UNDERCURRENT > THE TWO AREA GAGGIES

AL 33 February 1999
By Claudio “Sid” Brignole
Photo S. Giovannini
Undertone, Chronic Area.
These two names have resounded in our ears hundreds of times over the past few years: we have heard them at concerts, read about them in advertisements in magazines and on their record covers, talked about them with friends to comment on their pieces or attitudes over time that have aroused great admiration or dislike.

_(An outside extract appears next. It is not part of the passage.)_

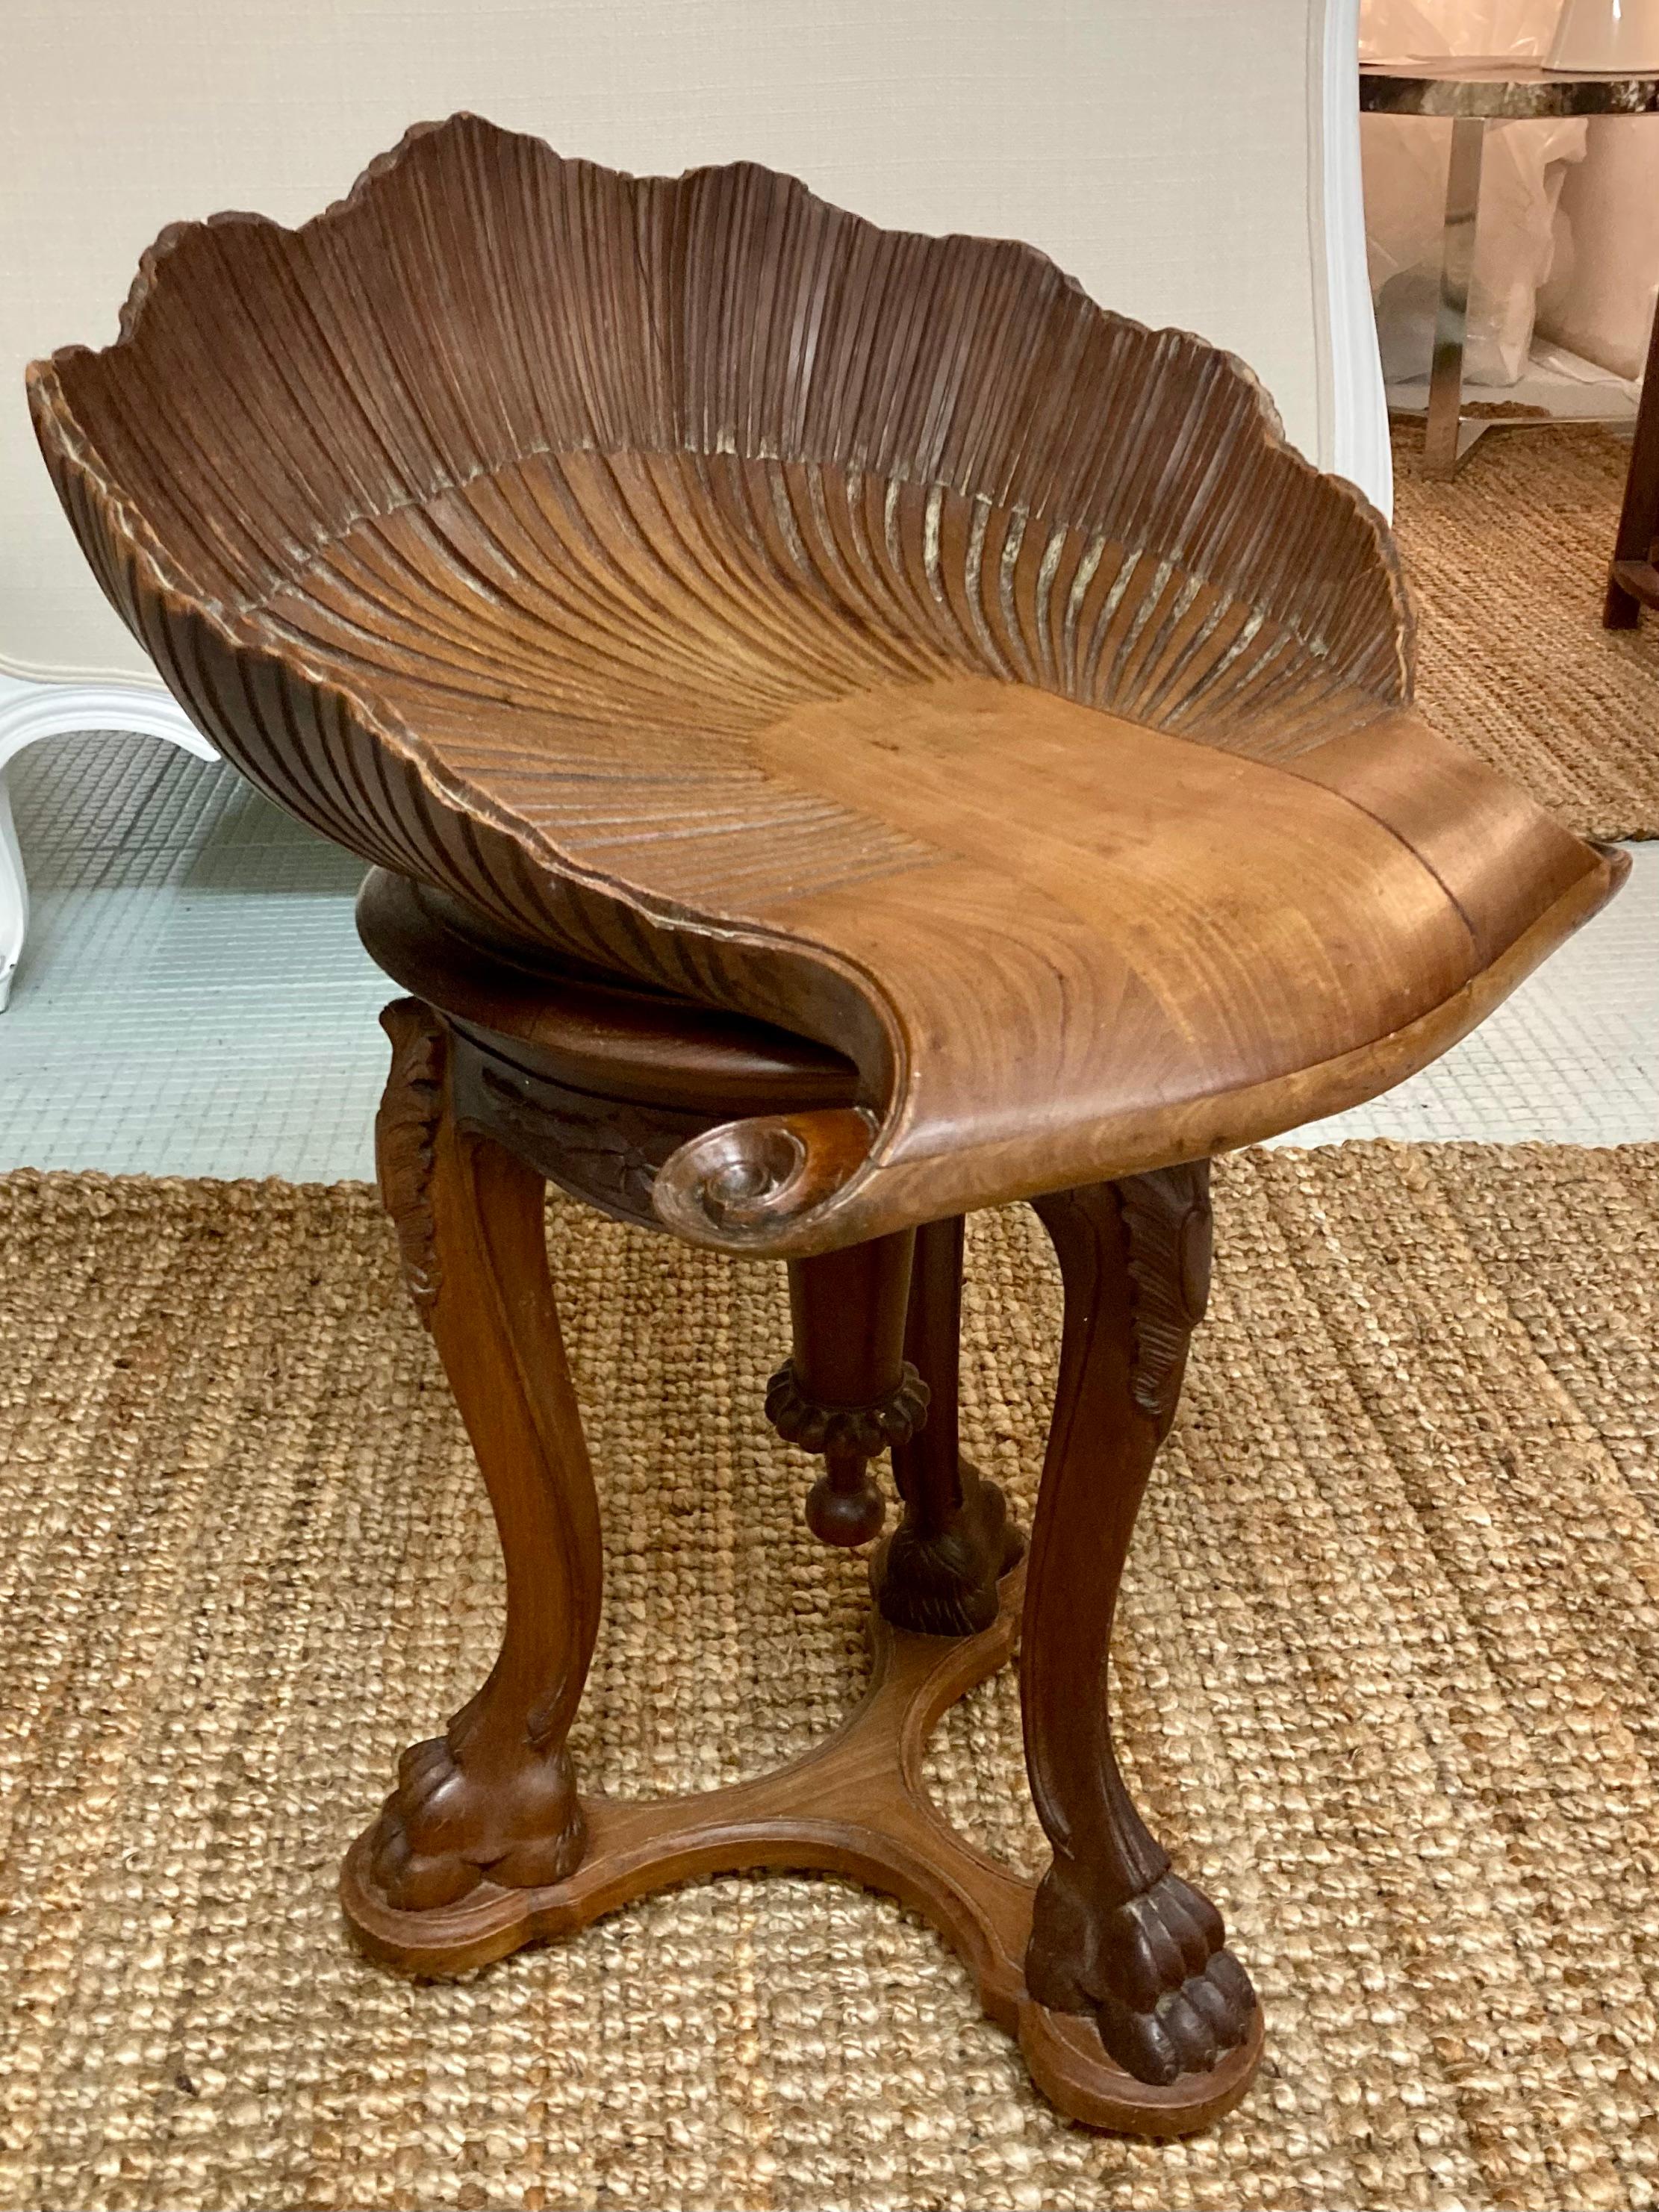 Beautiful 19th Century Venetian grotto swivel bench. Amazing carving details and gorgeous original stained wood finish. Add some Italian style to your home.

Tastes are tastes and I don't think it's absolutely the case to route on the easy discourse for or against Area Cronica, absolutely sterile and inconclusive discourses; let's stay strictly with the facts. The figures tell us that Area Cronica and Sottotono have really worked hard, they have set up a real record label that produces only Hip Hop by making a distribution contract with V2, they have set up a studio where they have all the mc's under contract for them to record, they have produced four records in a few months and are about to bring out two more soon (not counting the Sottotono lp themselves). They have done a lot of promotion for their products in the media, toured Italy doing concerts everywhere. They have remained with their feet firmly on the same ground as Hip Hop producing in Italy. I am not trying to put the Chronic Area in a good light out of bias, these are facts that are not disputable by anyone in good faith. Everything perfect then? Let's not exaggerate, flaws and mistakes are everywhere, and even Sottotono have made them and will make them in the future (as we all will), the important thing is to give those who work hard a chance to show their worth. I met them for this interview at the Wea headquarters, right in the center of Milan, interview room, drinks from the bar available. Both Tormento and Fish and I were not very comfortable, all three of us surely would have preferred to do as we did other times, see each other quiet and relaxed at my house or theirs. But times change and we have to adjust, Fish is struggling with his cell phone that keeps ringing, Tormento, on the other hand, is building something with paper but I don't quite understand... Both of them are restless, the release of their third record is an important milestone that they can't fail and they are trying hard to make things go smoothly. The first question, which is a must, is about the last two years full of events and important milestones... Fish looks at me and answers proudly, “First of all, we have grown as people, also because we have had different experiences, such as producing other bands, and we have set up an independent label (Area Cronica, ed.) distributed by a major (V2, ed.). We have produced four records so far, the ep of Lyricalz and the lps of Sab Sista, Maku Go and Sardo Triba and Bassi; we have set up our own studio and will soon produce the others from Area, soon to be Left Side and Jasmine...”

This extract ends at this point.